Start migration of old scripts over into new ETL

saylorsd commented 8 years ago

[x] Fatal OD
[ ] 311
[x] Blotter
[x] Jail Census
[x] Kane Census
[x] PLI
[x] Asbestos Permits

bsmithgall commented 8 years ago

I'm going to take a look at this as well.

bsmithgall commented 8 years ago

@saylorsd please take a look at 13d88ed, and let me know what you think, especially of the change in the CSVExtractor. I explained the logic in the commit message.

bsmithgall commented 8 years ago

Also, what is the Kane Census?

saylorsd commented 8 years ago

:+1:
Though in the job tests, the jail and police blotter pipelines are registered as fatal od. Could end up being a problem if we start doing some integration testing?

Re: the Kane census It's a census for what I believe are County Health Department nursing homes. They were working out providing data to me on a timely matter. I haven't gotten any official word on it, but It looks like they're publishing it weekly now. I can push a sample to this branch if it's up to date with your work.

saylorsd commented 8 years ago

@bsmithgall I finally got some time to get to the police blotter pipeline. I was able to get it to pretty much work, and in doing so, realized some issues that are worth discussing. You can see the current changes here: a2ed761dcfd6e9dbc2e249583b1610b33cac1444 (note: this is a WIP)

the current fields for the police blotter are all capitalized which is might require a little bit of reworking for our schema .
I'll need to add some more flexibility to the loader class. This mainly comprises of implementing more features of the CKAN datastore api, standardizing the methods for said calls, and passing back more response information.
That damn BOM is showing up on the blotter file and causing issues where the first header item pulled from the data starts with those 3 chars.
We'll need to work out how to deal with some higher-level issues with pushing the data.
- how to track when a resource(in CKAN it's essentially one file) already exists within a package (dataset). Currently, when running the police blotter, it just creates a new file, because it is run with resource_id=''. We'll need to store the resource id's somewhere.
- Some situations will involve creating a new resource within the package after a certain period of time (e.g the Jail Census data) However, this seems like just a waste of space as each month the same data is added to two different files - so maybe it won't be an issue.

Feel free to take a look at the commit and create any issues if you see fit, I'll do the same.

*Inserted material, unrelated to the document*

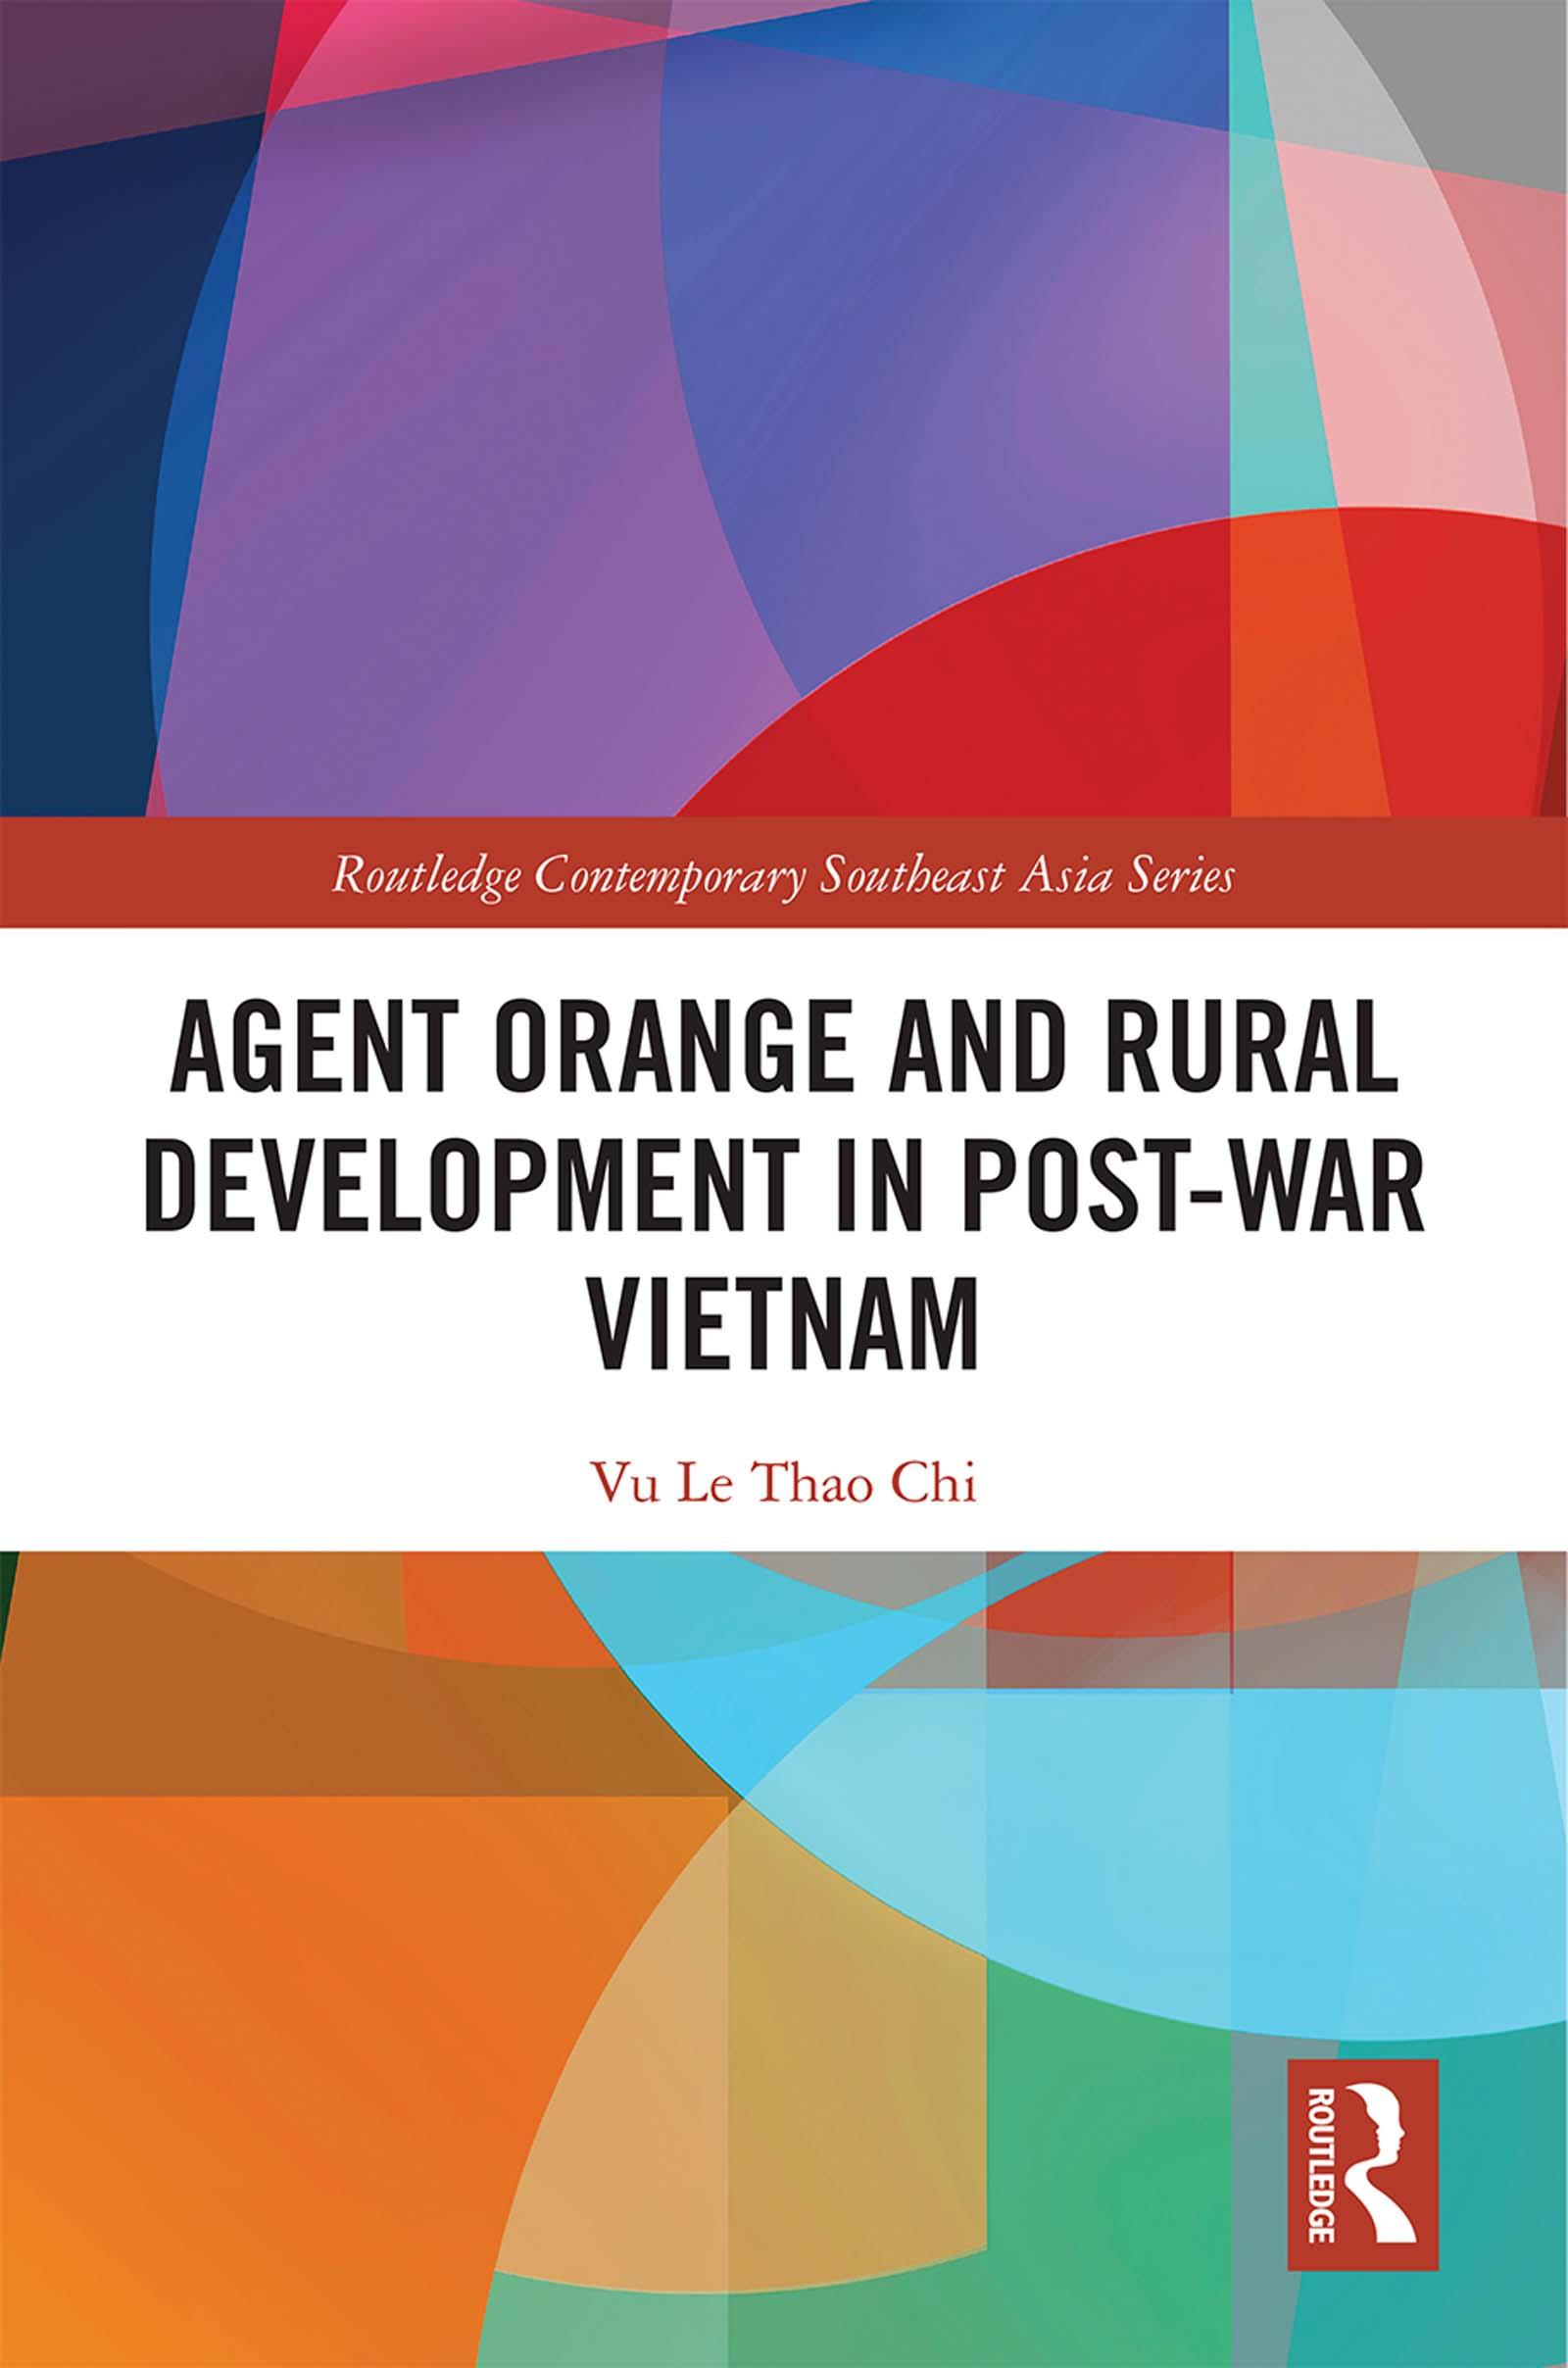 Agent Orange and Rural Development in Post-war Vietnam book cover

bsmithgall commented 8 years ago

Nice work! If you take a look at the port-other-pipelines branch, there's a little bit in there that lets you pass an encoding kwarg, which fixes the BOM issue so long as you know the encoding ahead of time (which you should be able to know when you create a pipeline).

For fields, I think that you should be able to get them out of extractor.headers and/or extractor.schema_headers. As for the types, it might make sense to write a method that does some sort of dumb conversion based on the schema field types. I think that would be a lot better than having to do all the hard coding.

saylorsd commented 8 years ago

Nice! I can't see an issue where we won't know ahead of time unless the publisher changes their process without giving us a heads up.

Totally agree on the fields thing. I just copy and pasted these for the time being so I could see it work. I think a simple conversion like that is all we'll need since, once again, we should know all this stuff ahead of time, it can all be part of the hard-coded schema.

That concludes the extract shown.